TASK REQUIREMENTS —
Output the lines of the records from the one containing "Modern Business Branding" through the last, both ends included. Leave pictures out.

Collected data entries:
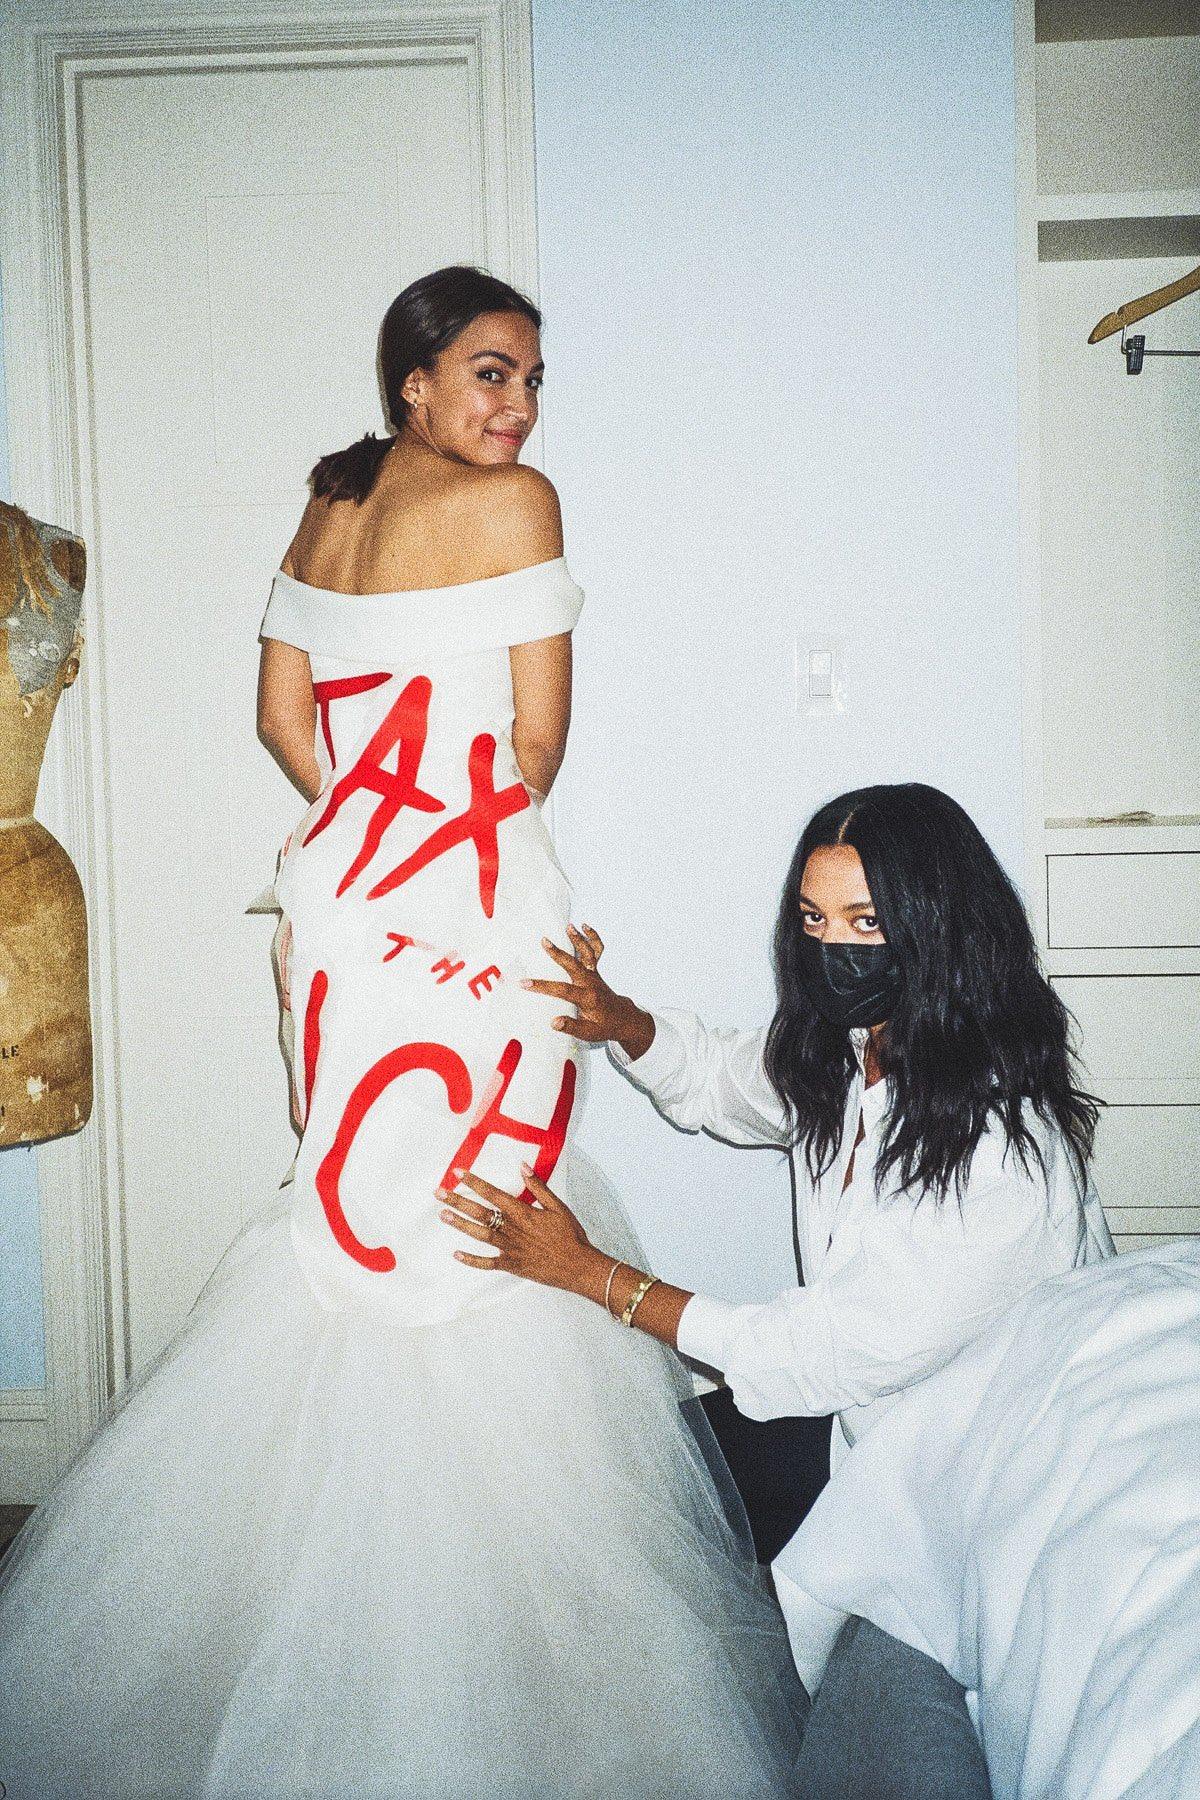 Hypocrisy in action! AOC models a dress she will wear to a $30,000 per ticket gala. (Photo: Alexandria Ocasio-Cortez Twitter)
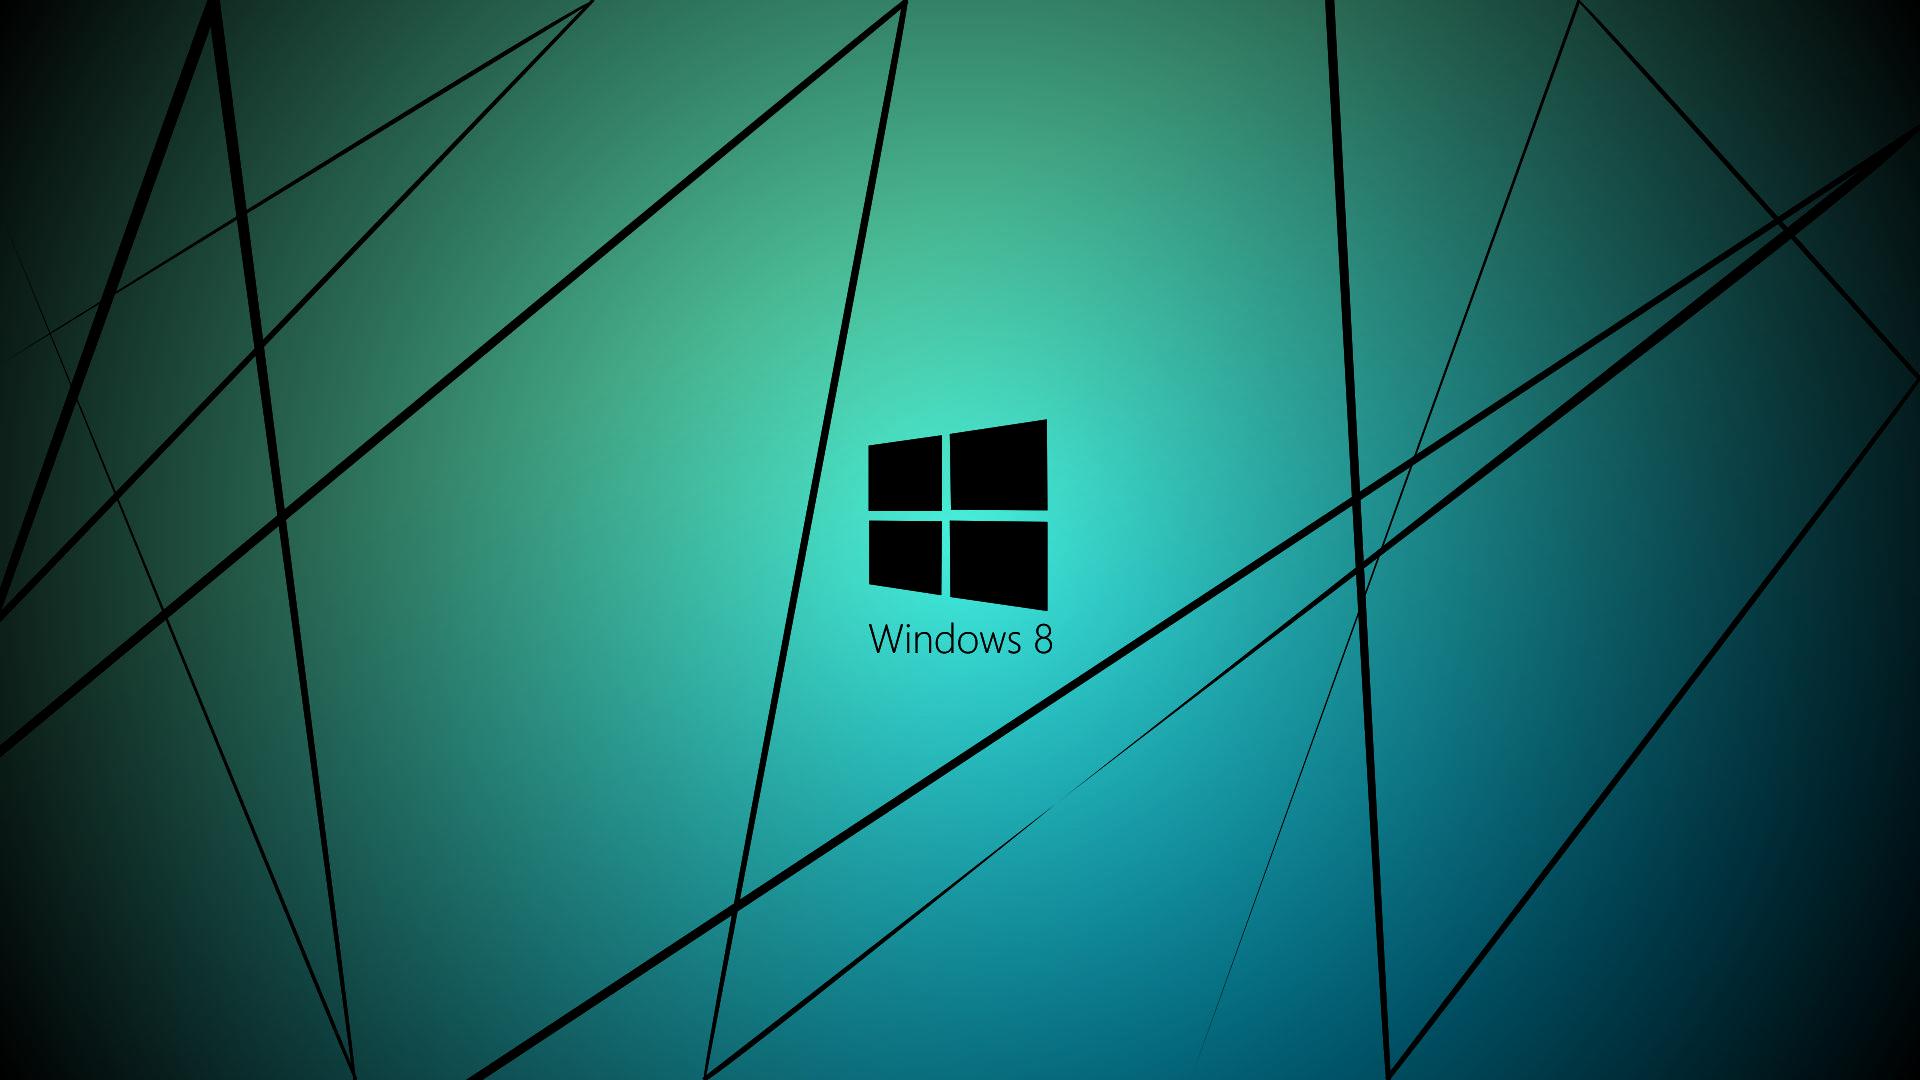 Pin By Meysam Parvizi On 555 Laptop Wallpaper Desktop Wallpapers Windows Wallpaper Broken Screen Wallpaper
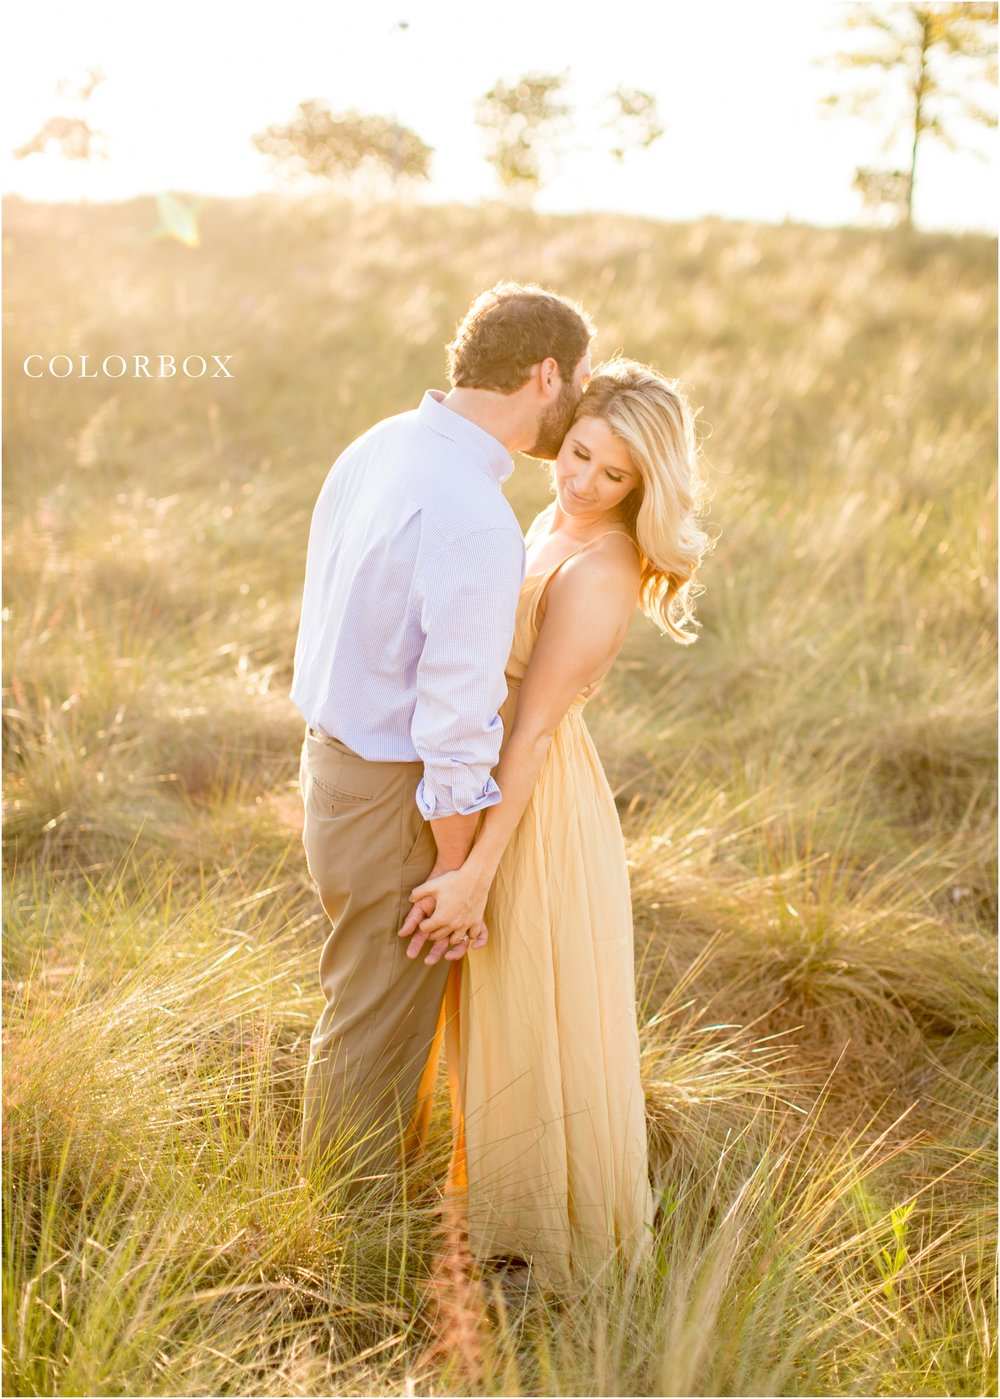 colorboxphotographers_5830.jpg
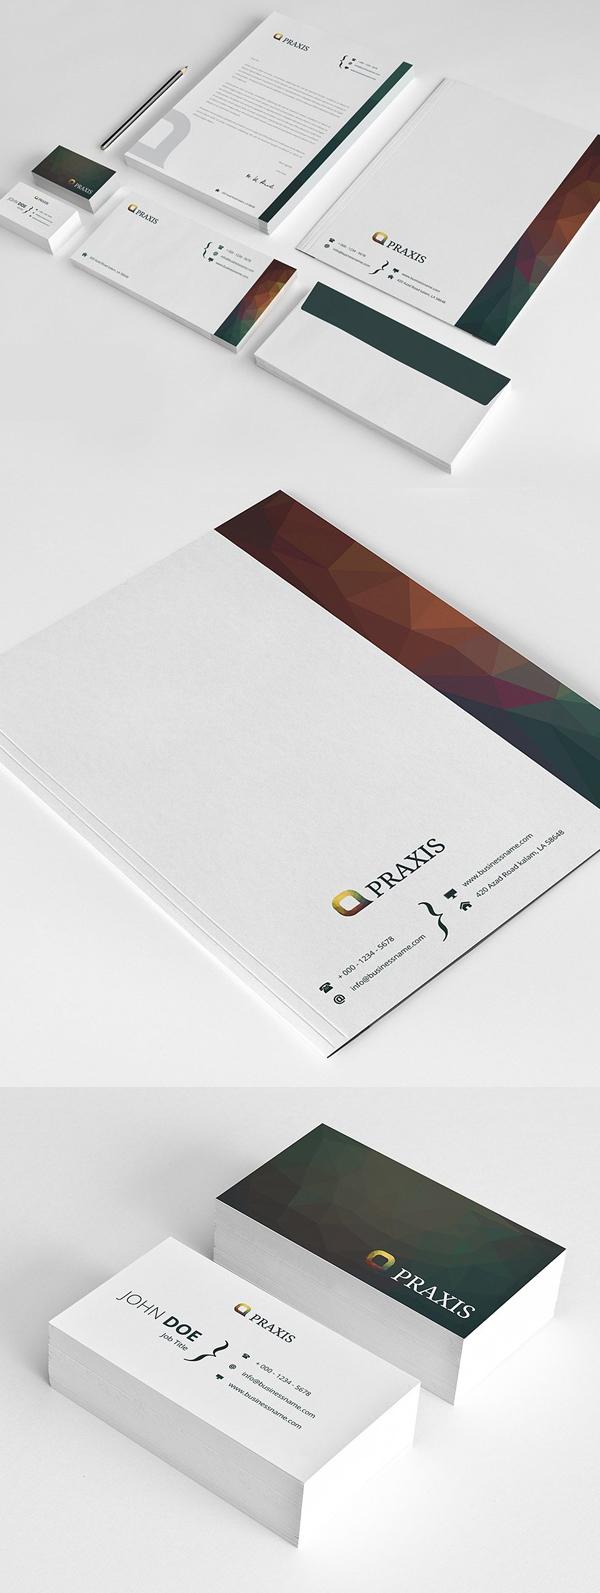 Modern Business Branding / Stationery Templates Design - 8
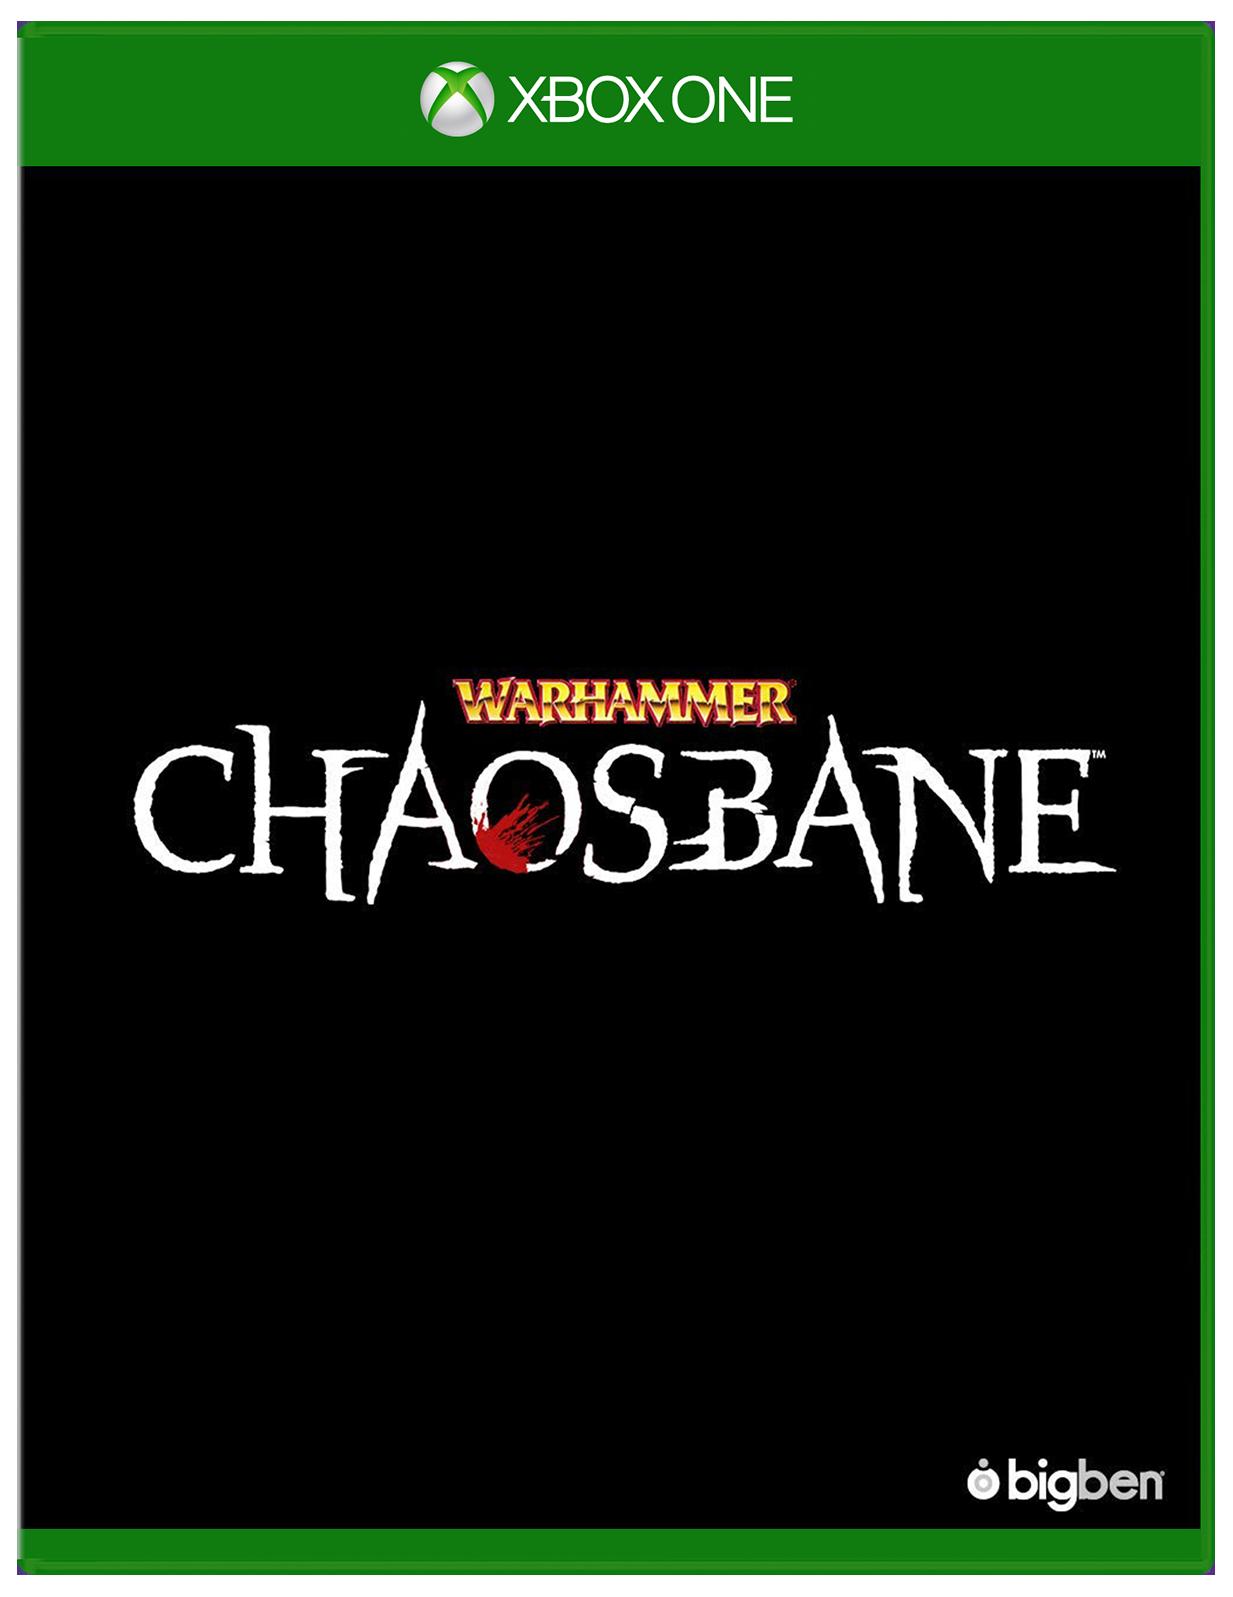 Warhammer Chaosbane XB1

SOLUTION FOR THIS EXERCISE —
 Modern Business Branding / Stationery Templates Design - 8
 Warhammer Chaosbane XB1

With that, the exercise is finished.